Problem description: Leave every picture out, and give again exactly the lines from the one containing "Casilda Finat, las" through the end of the listing.

Records to process:

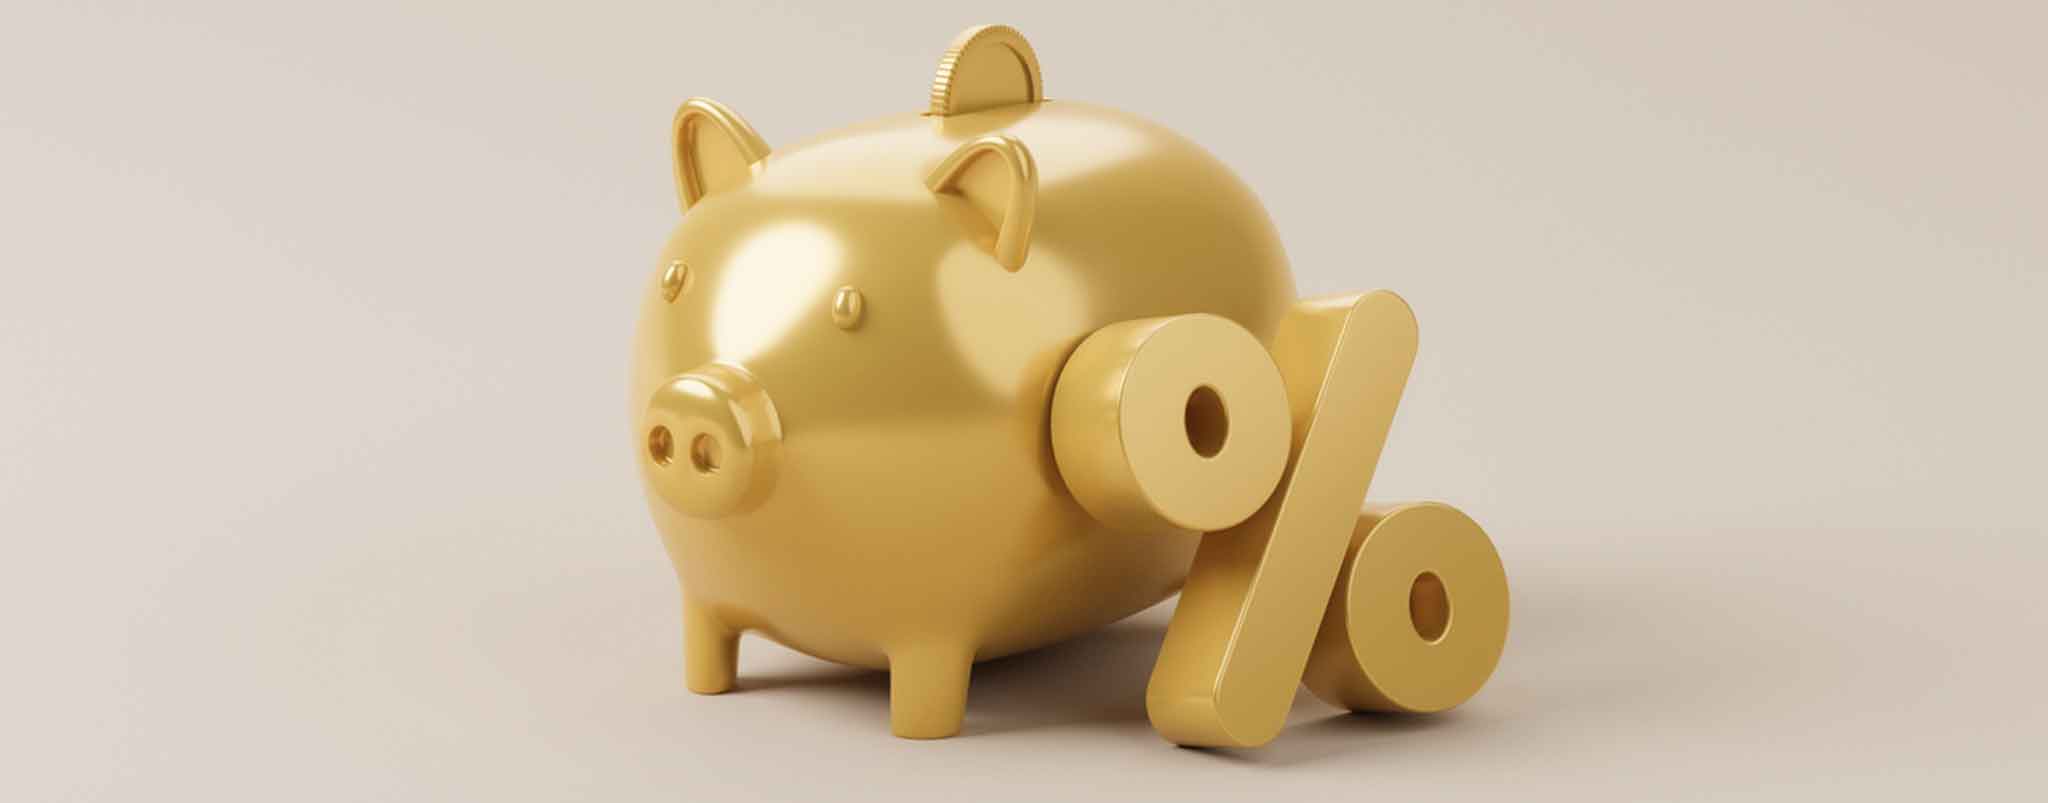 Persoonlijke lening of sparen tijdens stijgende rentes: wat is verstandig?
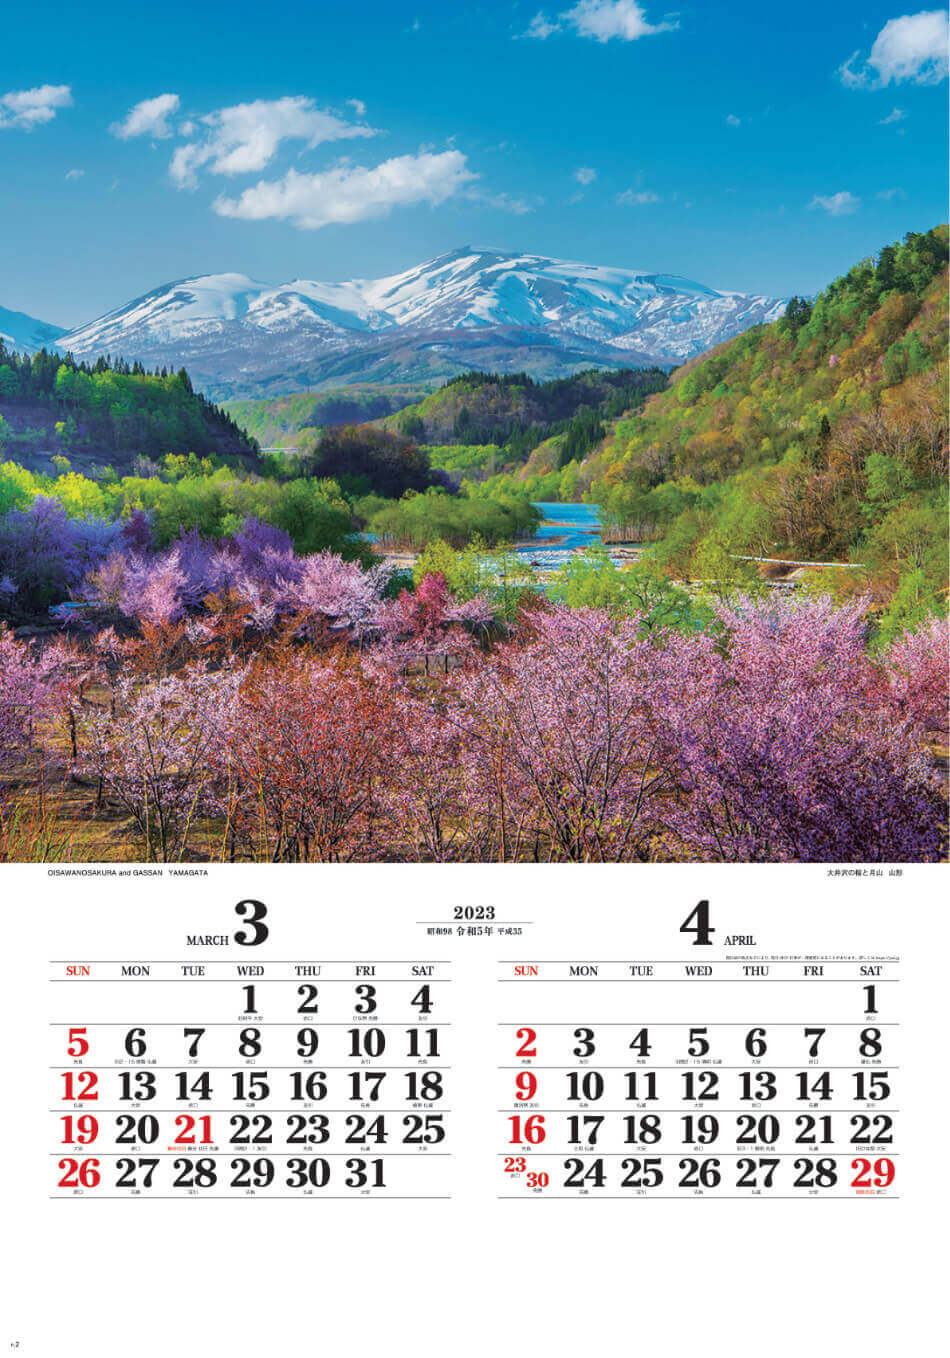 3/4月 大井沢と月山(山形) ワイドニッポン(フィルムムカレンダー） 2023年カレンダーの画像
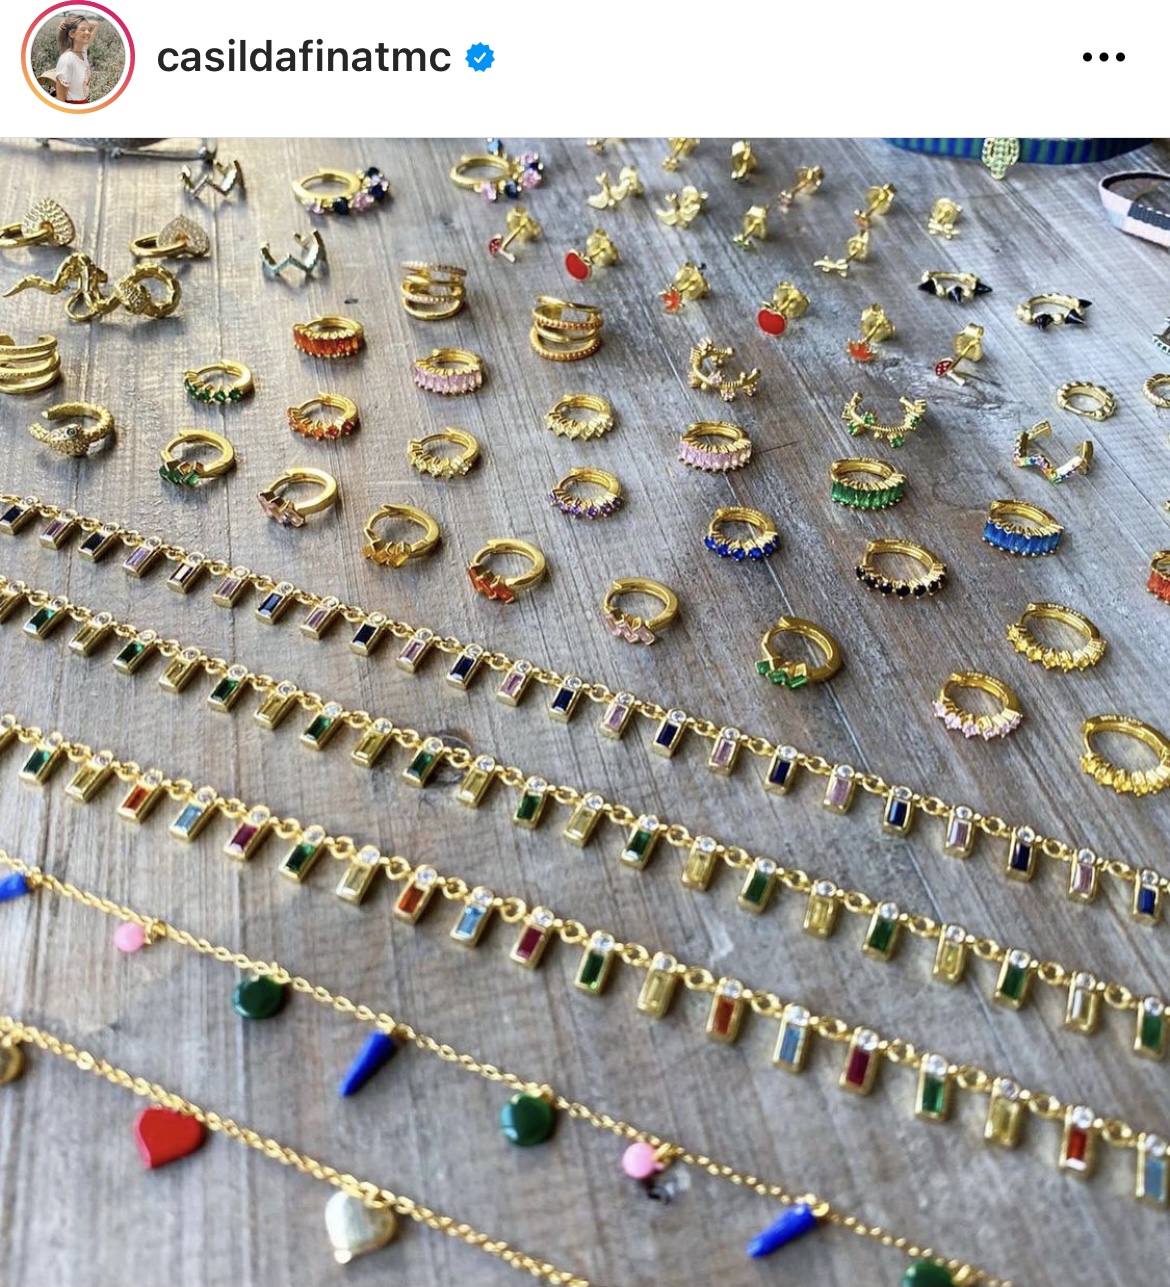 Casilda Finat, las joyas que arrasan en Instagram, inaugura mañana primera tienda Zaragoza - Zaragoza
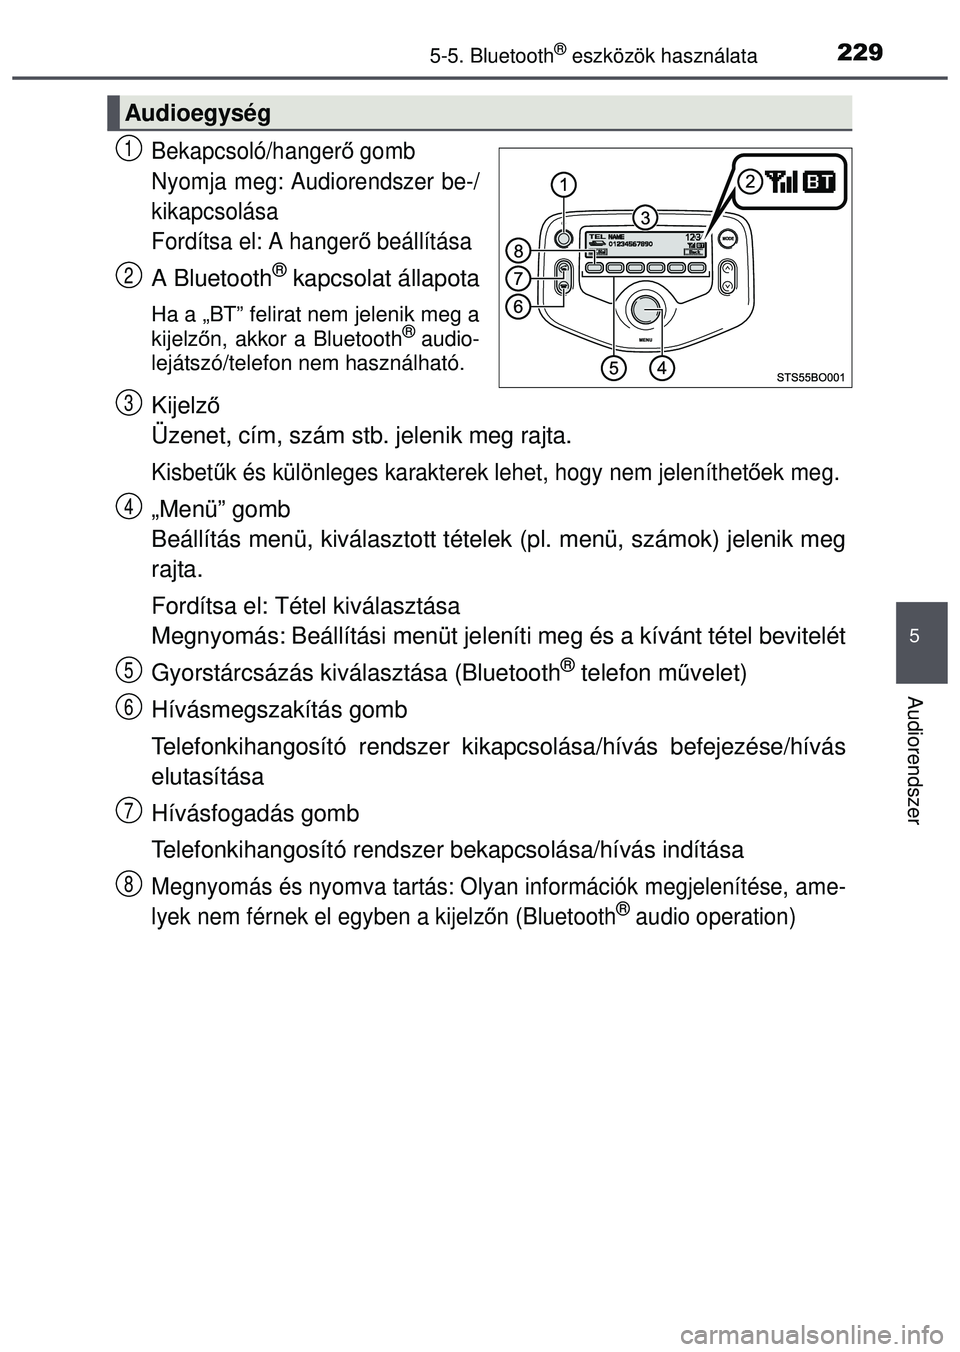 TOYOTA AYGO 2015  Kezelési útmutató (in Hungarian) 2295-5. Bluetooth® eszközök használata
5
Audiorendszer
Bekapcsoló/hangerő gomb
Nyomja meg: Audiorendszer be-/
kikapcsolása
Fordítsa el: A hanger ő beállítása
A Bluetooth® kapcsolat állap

Finished task:
 Casilda Finat, las joyas que arrasan en Instagram, inaugura mañana primera tienda Zaragoza - Zaragoza
 TOYOTA AYGO 2015  Kezelési útmutató (in Hungarian) 2295-5. Bluetooth® eszközök használata
5
Audiorendszer
Bekapcsoló/hangerő gomb
Nyomja meg: Audiorendszer be-/
kikapcsolása
Fordítsa el: A hanger ő beállítása
A Bluetooth® kapcsolat állap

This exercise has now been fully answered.